Prompt →
Emit a verbatim copy of the lines below from the line with "The Beautiful New" through the line with "Art Deco Style", excluding pictures and everything outside that range.

Records for this exercise →
::::

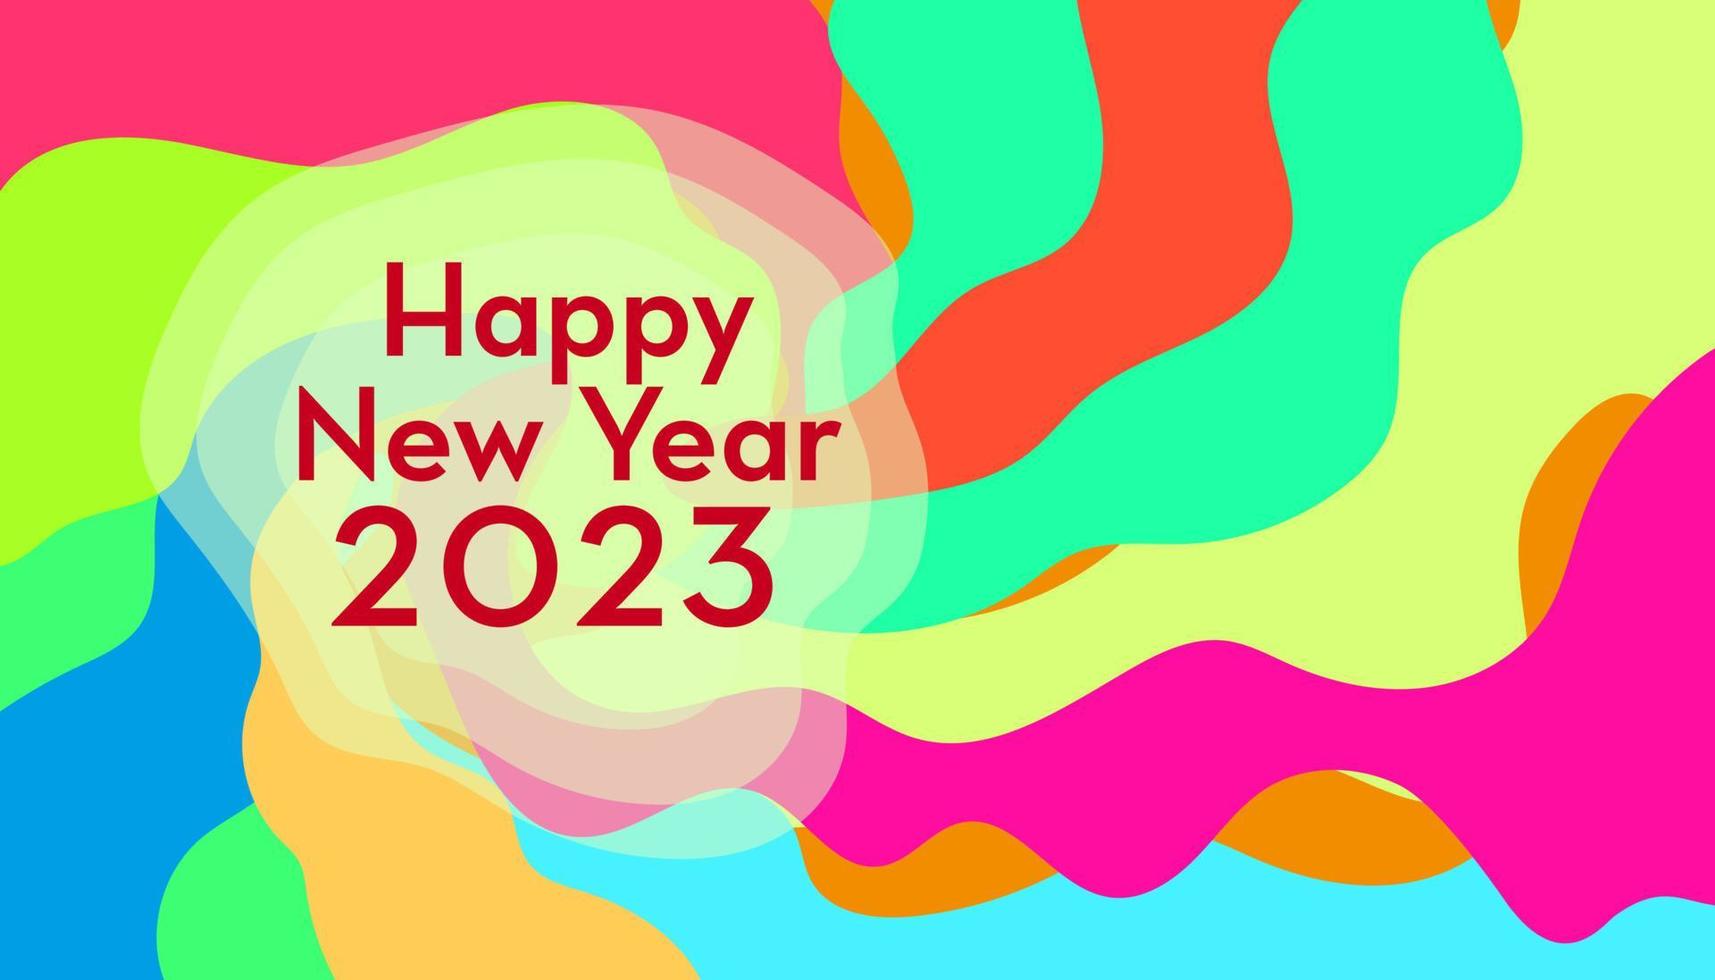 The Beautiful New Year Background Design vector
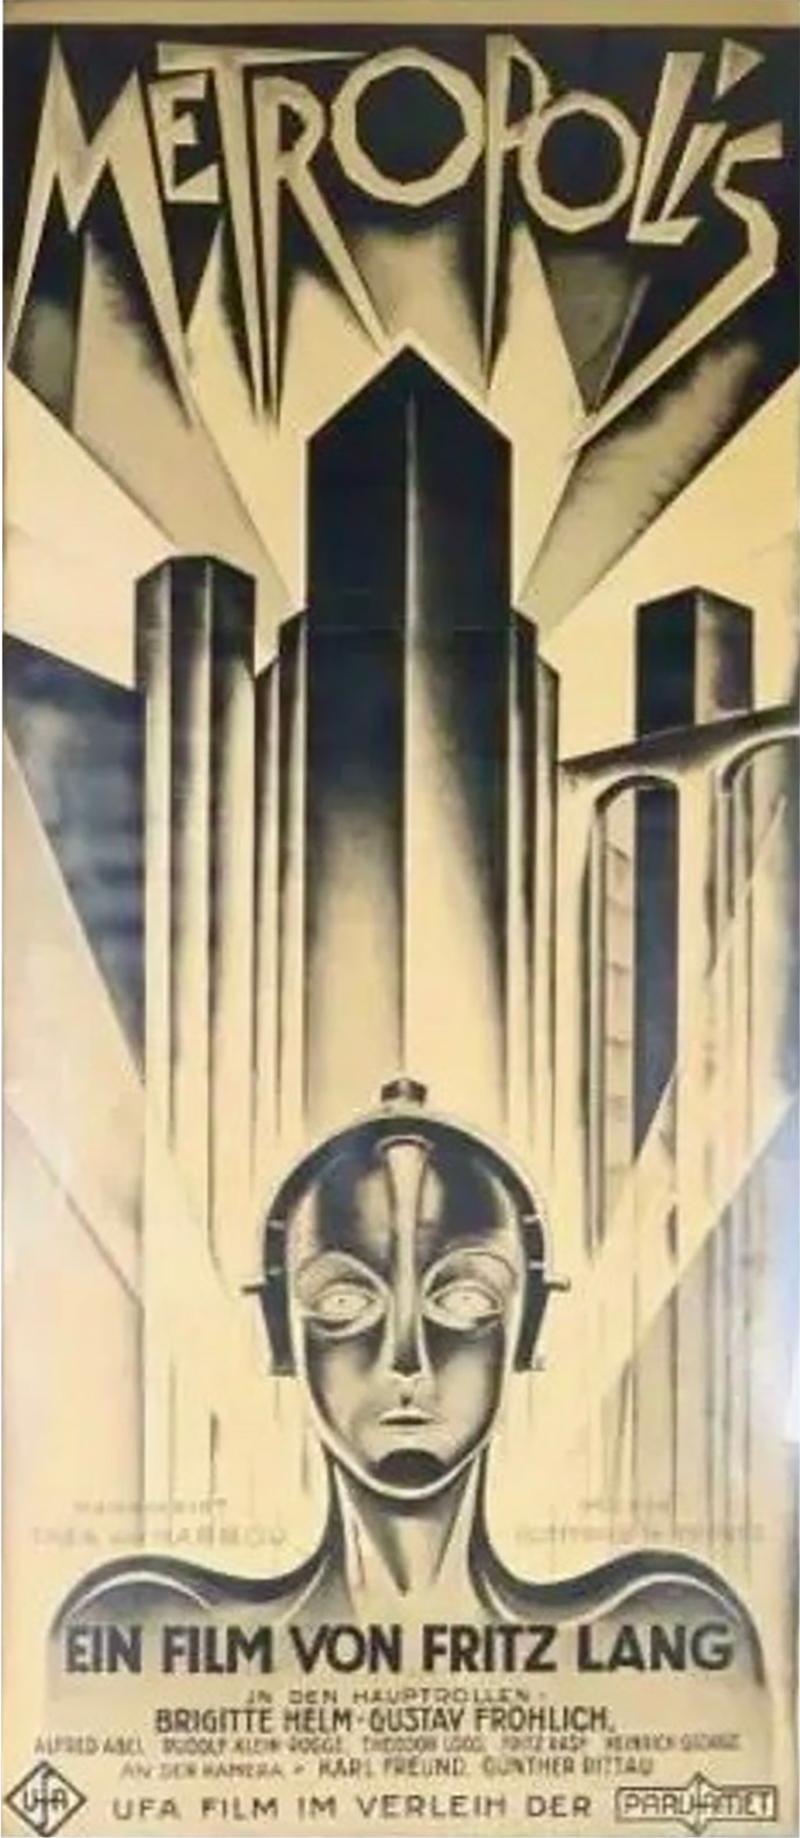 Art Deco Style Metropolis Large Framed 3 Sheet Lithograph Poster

::::

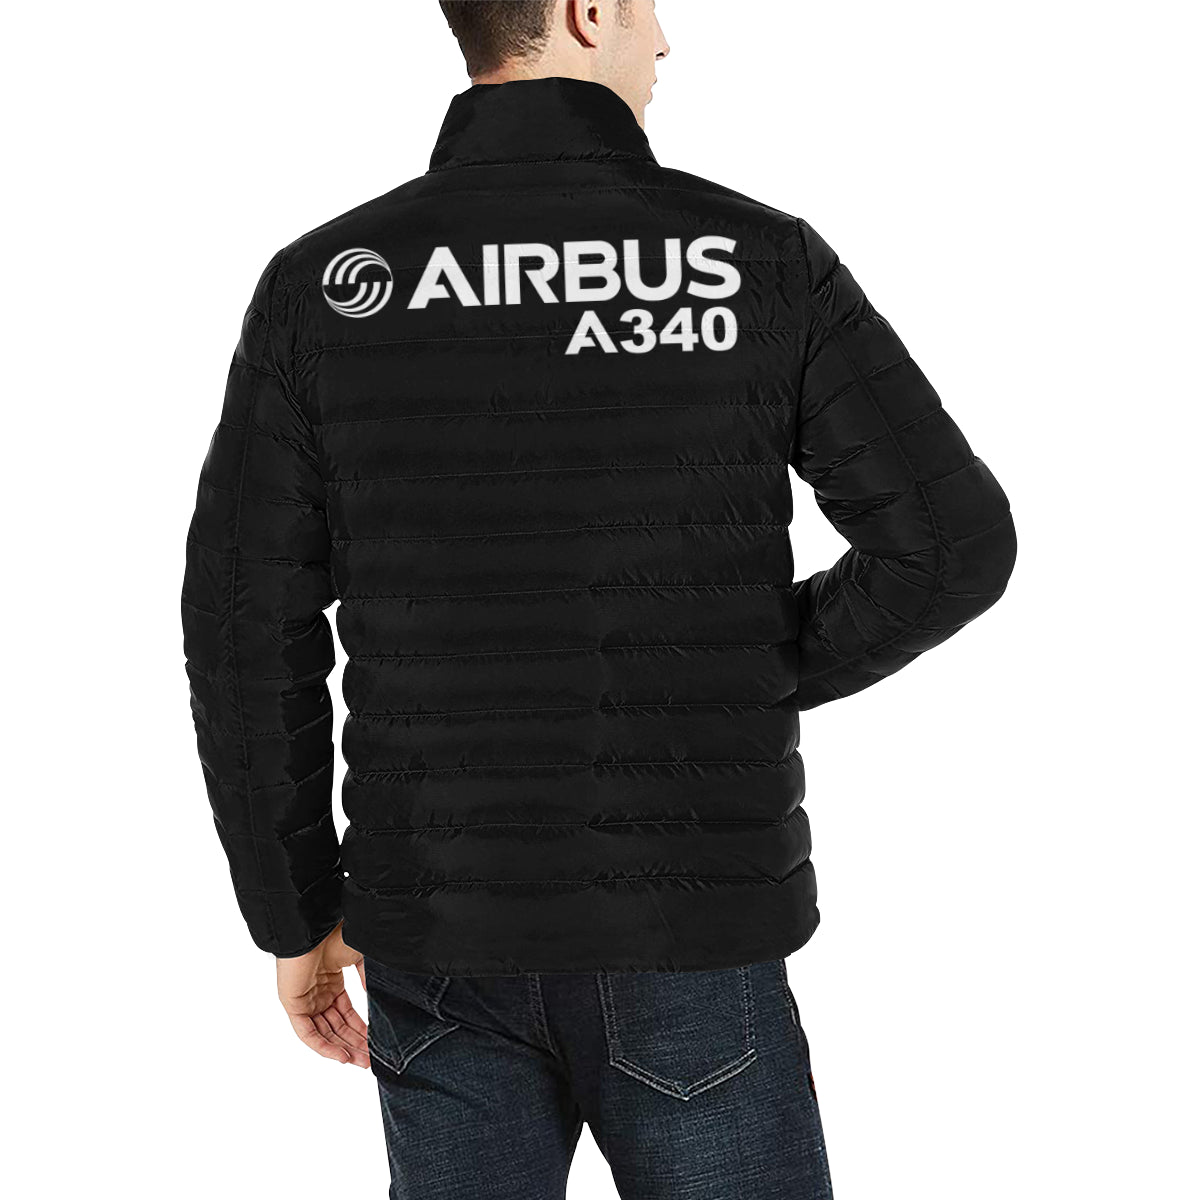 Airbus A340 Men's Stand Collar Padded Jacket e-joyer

::::

Result for this task →
 The Beautiful New Year Background Design vector
 Art Deco Style Metropolis Large Framed 3 Sheet Lithograph Poster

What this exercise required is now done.